Understanding Trust in Journalistic Media

The last day at AoIR 2017 starts with Marita Lüders, who begin by highlighting the crucial role of the news media in democracy, and also of citizen trust in the news media as a requirement for the media to exercise that crucial role. But such trust has declined, while citizen choices of older and newer news media have multiplied, with a growth especially in lower-credibility news channels.

So what are the components of trust in the news media? This paper utilises a model that examines trust in organisations, which has not yet been applied to news organisations; it sees trust as the willingness of the trustor to be vulnerable to the actions of the trustee. This trust is seen as an outcome of rational, cognitive processes which are however also related to the affective and social processes.
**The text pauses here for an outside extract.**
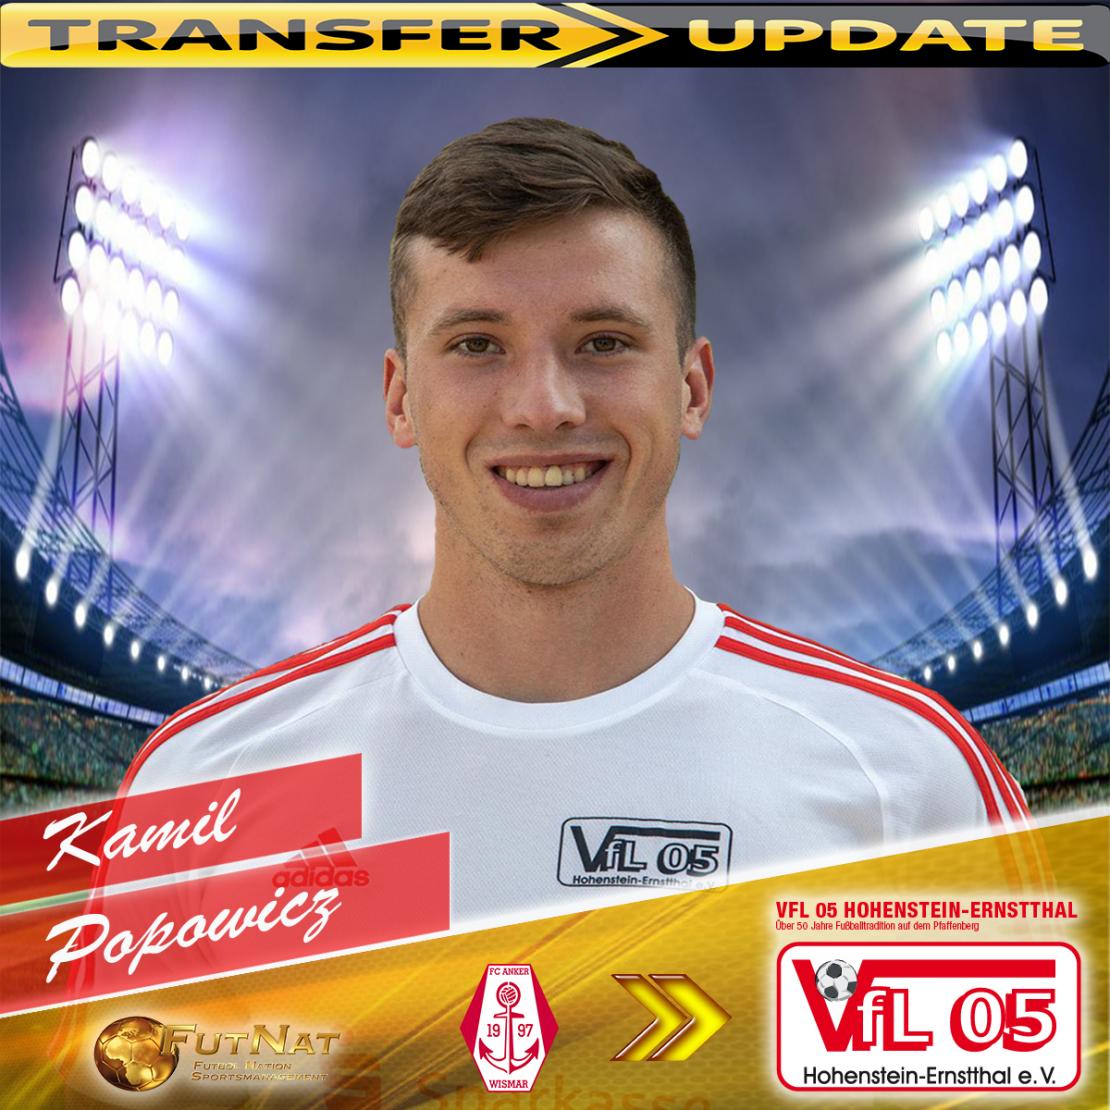 Kamil Popowicz transfer to VfL 05 Hohenstein-Ernstthal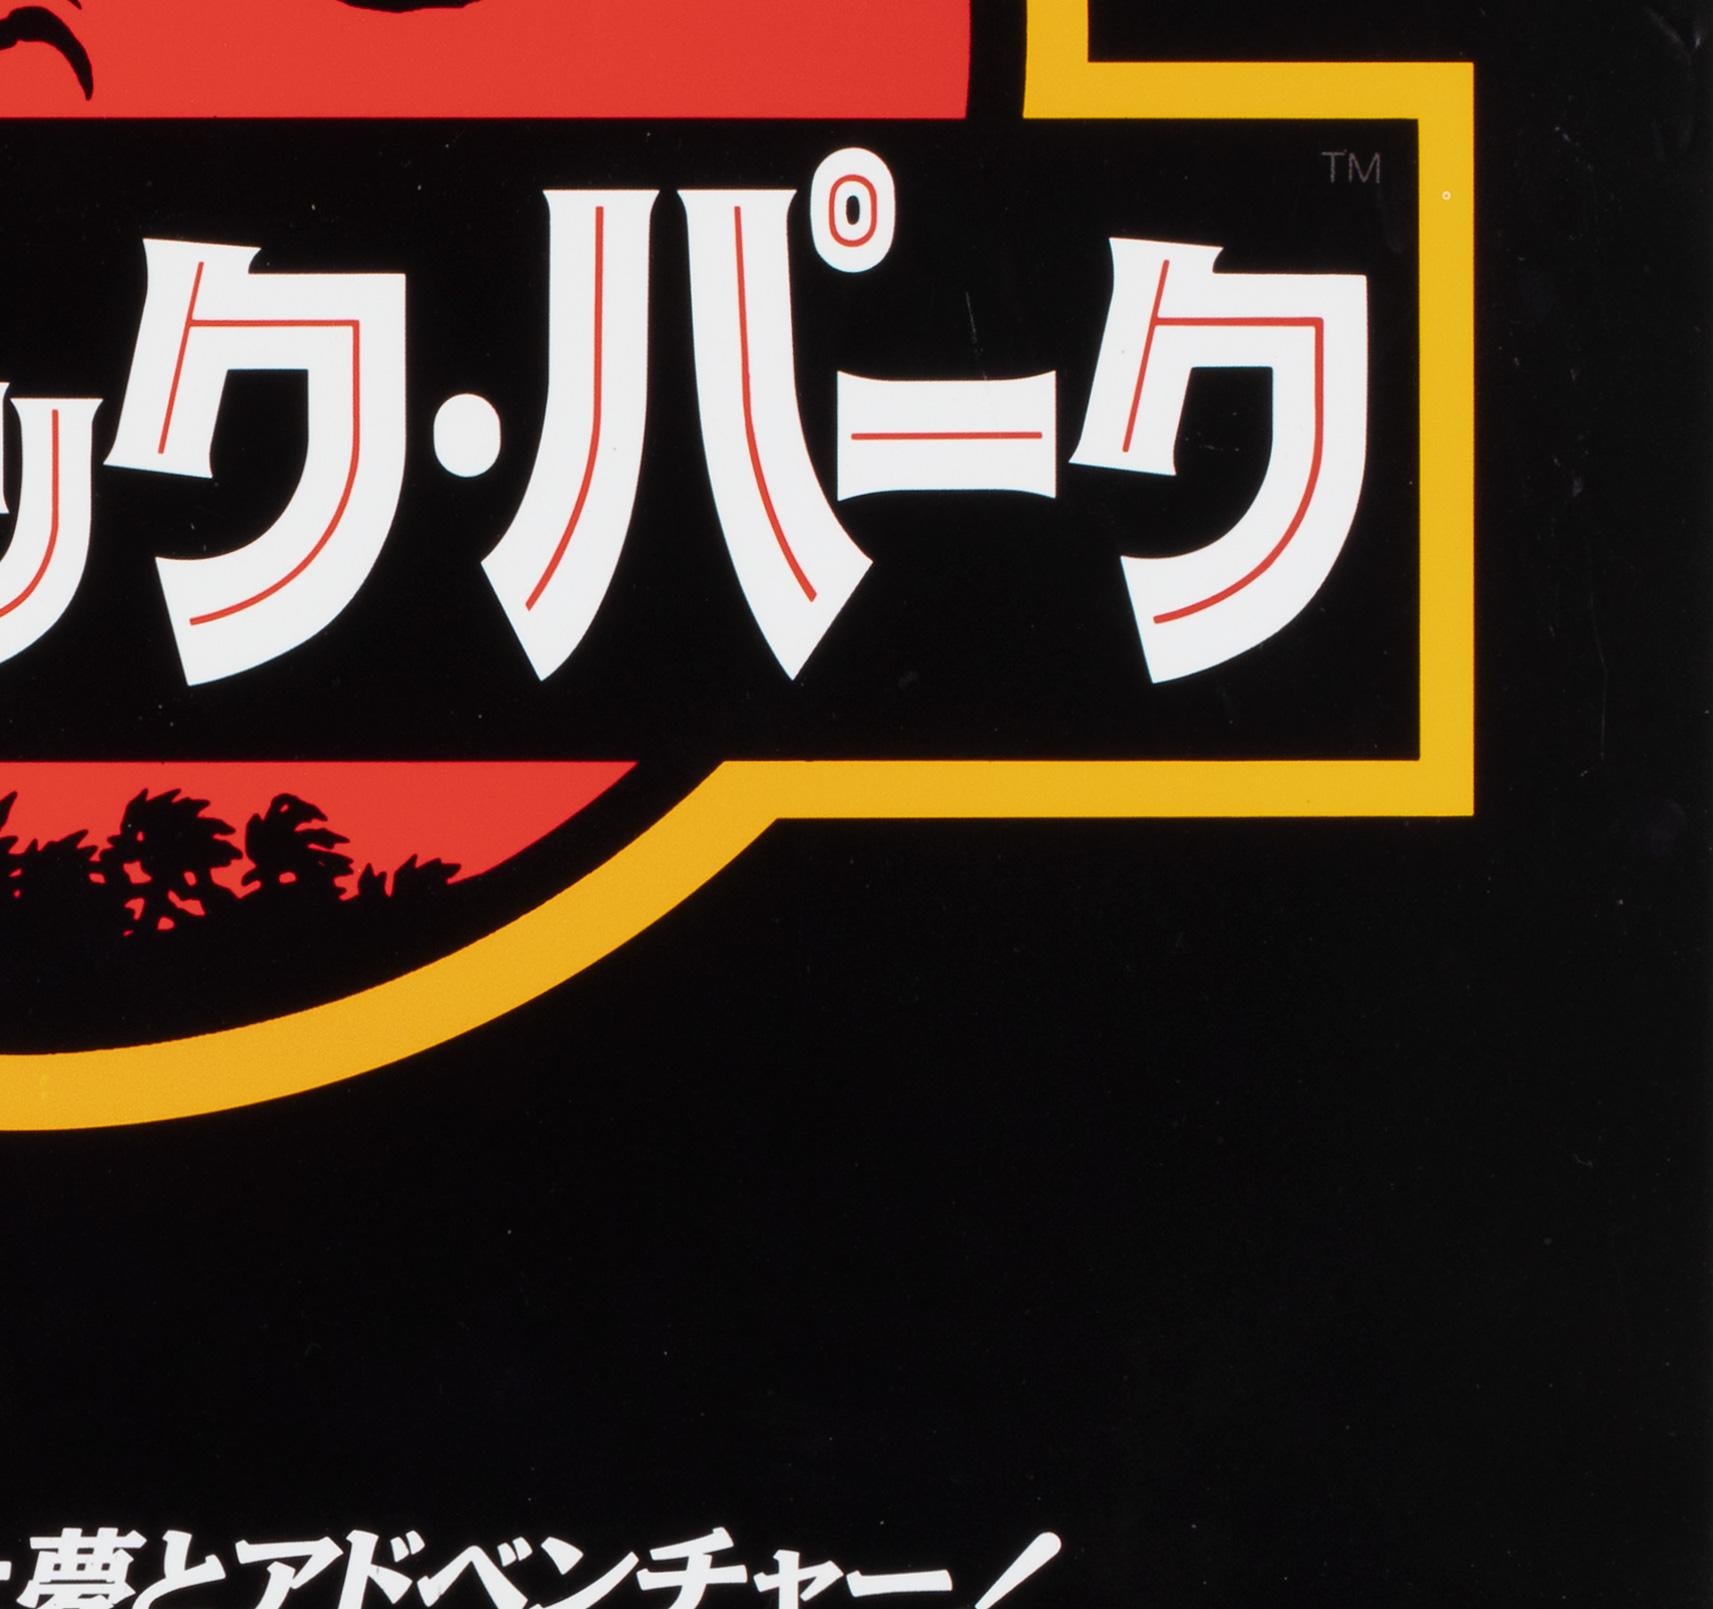 Paper Jurassic Park 1993 Japanese B2 Film Poster

Political preferences are important as factors for trust in specific news media, for example.

News media in hyper-complex modern societies are required to be unbiased intermediaries between the institutions of power and the citizenship, yet this is difficult against the background of the crisis in journalism, especially with the disruptions brought by various new media forms and players in high-choice environments.

In journalism and communication studies, trust is measured in a number of ways. Some key definitions of trust here are trust in the fairness of journalistic reporting; trust as defined intuitively by audiences themselves; or trust as a multidimensional property (including perceptions of an appropriate selection of topics, selection of facts, accuracy of depictions, journalistic assessment).

In organisational trust, factors of perceived trustworthiness might include perceptions of ability (journalistic skills and expertise); benevolence (intending to do good for society rather than just for the company); and integrity (adherence to an acceptable sense of professional principles).

Such perceptions may then also be different across new media users: individual differences include the propensity or disposition to trust others, and this could be related to age, gender, and other sociodemocraphic factors; political differences, such as the positioning of the individual on a left-to-right political spectrum; and social network positioning, including the social capital that users may mobilise in support of social cooperation, but also participation in specific communities, such as Facebook groups that are sceptical of specific news media.

There is now a need to operationalise this framework, and to test these drivers of trust or mistrust.